Example Catalog Entry

This cataloger syncs component metadata into your Lunar catalog. Here's an example of a catalog entry it creates:

{ } catalog entry Catalog JSON
{
  "components": {
    "github.com/acme/payment-api": {
      "owner": "group:default/team-payments",
      "domain": "platform.payments",
      "tags": ["bs-payments", "bs-tier1", "bs-type-service", "bs-lifecycle-production"]
    },
    "github.com/acme/web-app": {
      "owner": "group:default/team-web",
      "domain": "platform.frontend",
      "tags": ["bs-frontend", "bs-type-website", "bs-lifecycle-production"]
    }
  }
}

Configuration

Configure this cataloger in your lunar-config.yml.

Inputs

Input Required Default Description
paths Optional catalog-info.yaml,catalog-info.yml Comma-separated list of file paths to try in the component's repo. First match wins. Defaults match the conventional Backstage locations.
branch Required Git ref to read `catalog-info.yaml` from. Empty means the repo's default branch.
component_id_annotation Optional github.com/project-slug Annotation key on a Backstage Component used to match it against the current Lunar component. The cataloger picks the entity whose `metadata.annotations[<key>]` value, prefixed with `component_id_prefix`, equals `$LUNAR_COMPONENT_ID`. If the file has exactly one Component entity and no annotation, that single entity is used (the single-Component-per-repo case).
component_id_prefix Optional github.com/ String prepended to the annotation value when matching against `$LUNAR_COMPONENT_ID`.
domain_annotation Required Annotation key on a Backstage Component used to source the domain when `spec.domain` is absent. Useful for orgs that model domains via a custom annotation rather than the canonical Backstage `spec.domain` field. When set and the matched Component carries this annotation, its value wins over `spec.domain` / `spec.system`. Leave empty to use the canonical Backstage fields only.
tag_prefix Optional bs- Prefix added to Backstage `metadata.tags` when mapped to Lunar tags. Also applied to derived tags like `type-<spec.type>` and `lifecycle-<spec.lifecycle>`. Empty string disables the prefix.
include_derived_tags Optional true When `true`, emits derived tags from `spec.type` (e.g. `bs-type-service`) and `spec.lifecycle` (e.g. `bs-lifecycle-production`) in addition to `metadata.tags`.
owner_format Optional as-is How to write `spec.owner` from the catalog-info file into the Lunar `owner` field. Backstage entity refs typically look like `group:default/team-payments` or `user:default/jane`. - `as-is` — pass the value through verbatim. Matches what the existing `policies/backstage/*` checks accept (`team-payments`, `group:infra`, `user:alice` are all valid). - `bare-name` — strip the `<kind>:<namespace>/` prefix and write only the trailing name (e.g. `team-payments`).
default_owner Required Fallback owner applied (verbatim) to components whose matched Backstage entity has no `spec.owner`. Leave empty to skip.

Secrets

This cataloger requires the following secrets to be configured in Lunar:

Secret Description
GH_TOKEN GitHub token used to fetch `catalog-info.yaml` from component repos via the Contents API. Needs `Contents: Read` on the target repos (`repo` scope on a classic PAT, or `contents: read` on a fine-grained PAT / GitHub App installation token).

Documentation

View on GitHub

Backstage catalog-info.yaml Cataloger

Augments existing Lunar components with metadata read from each repo's catalog-info.yaml, fetched directly via the GitHub Contents API.

Overview

Augments existing Lunar components with owner, domain, and tag metadata from each repo's catalog-info.yaml. Runs per component via the component-cron hook, fetches the file directly from the component's GitHub repo via the Contents API, picks the matching Component entity, and writes owner / domain / tags to that component's catalog entry.

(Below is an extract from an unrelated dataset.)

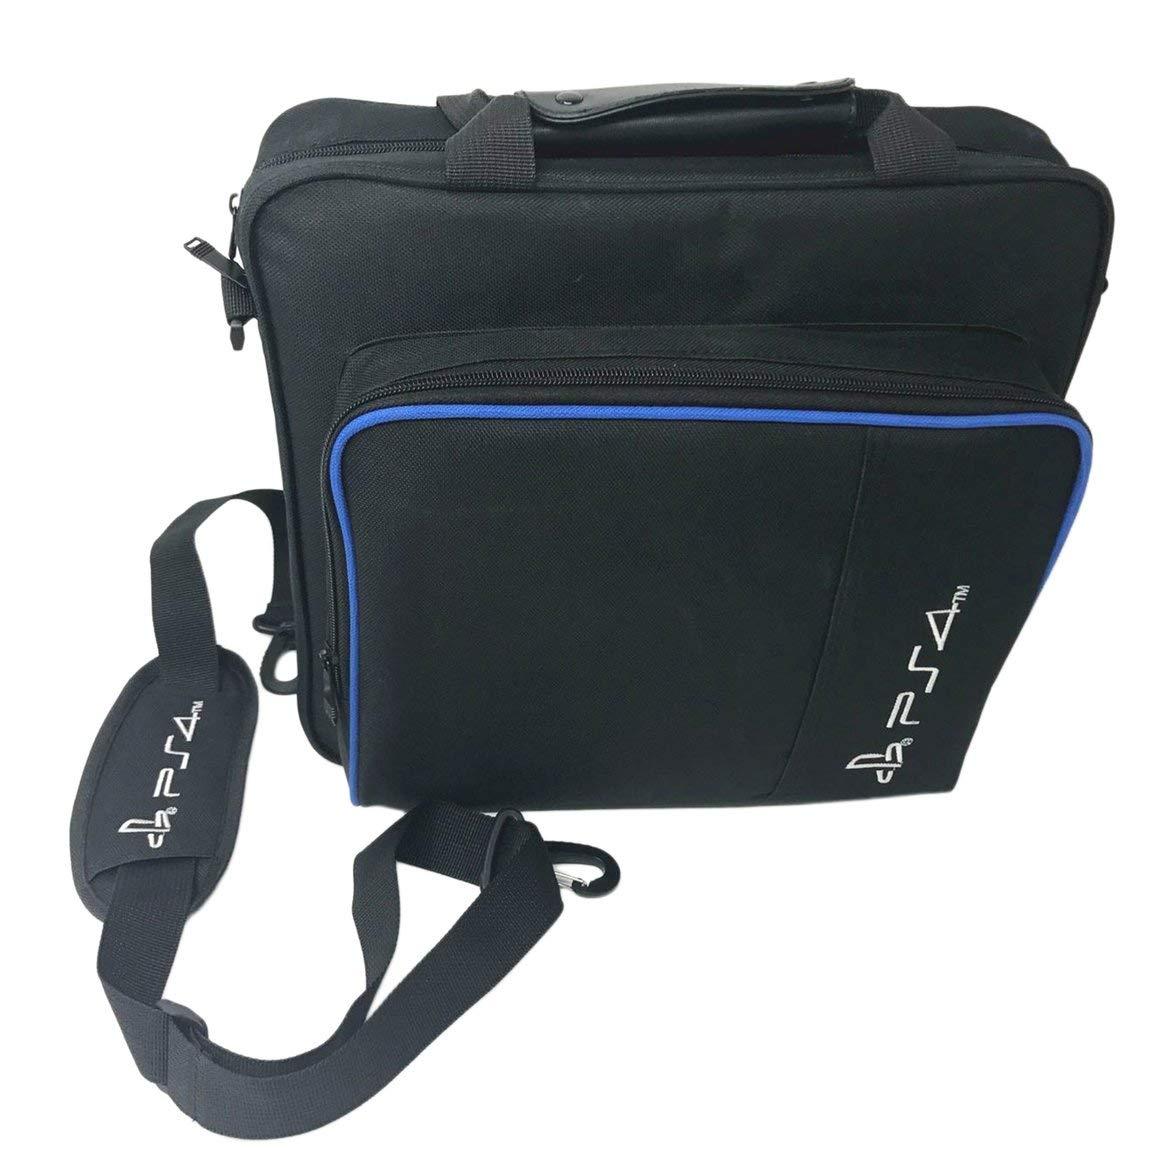 Bolsa de almacenamiento para consola de juegos Bolsa de viaje impermeable a prueba de golpes Bolso bandolera para accesorios de consola PS4 Pro Bolsa de transporte - Negro Delicacydex

Because component-cron cannot create new components, pair this with a component-defining cataloger — typically github-org.

Synced Data

This cataloger writes to the following Catalog JSON paths on each run:

Path Type Description
.components["$LUNAR_COMPONENT_ID"].owner string spec.owner of the matched Backstage Component (or default_owner fallback)
.components["$LUNAR_COMPONENT_ID"].domain string metadata.annotations[<domain_annotation>] of the matched Component when domain_annotation is configured and the annotation is present; otherwise spec.domain, falling back to spec.system when neither is set
.components["$LUNAR_COMPONENT_ID"].tags[] array metadata.tags plus derived type-* / lifecycle-* tags, all with tag_prefix
.domains["<domain>"] object Stub entry ({}) for each domain a component references. Hub catalog validation rejects components that reference unknown domains, so the cataloger writes the stub before the component entry. When the same catalog-info.yaml declares a matching kind: Domain or kind: System entity, its metadata.description and spec.owner are propagated into the stub.

This cataloger does not define new components — that's out of scope for component-cron. Pair with a component-defining cataloger (see Layering). Domain entries are written as stubs only; for a richer global domain catalog, layer with the backstage cataloger.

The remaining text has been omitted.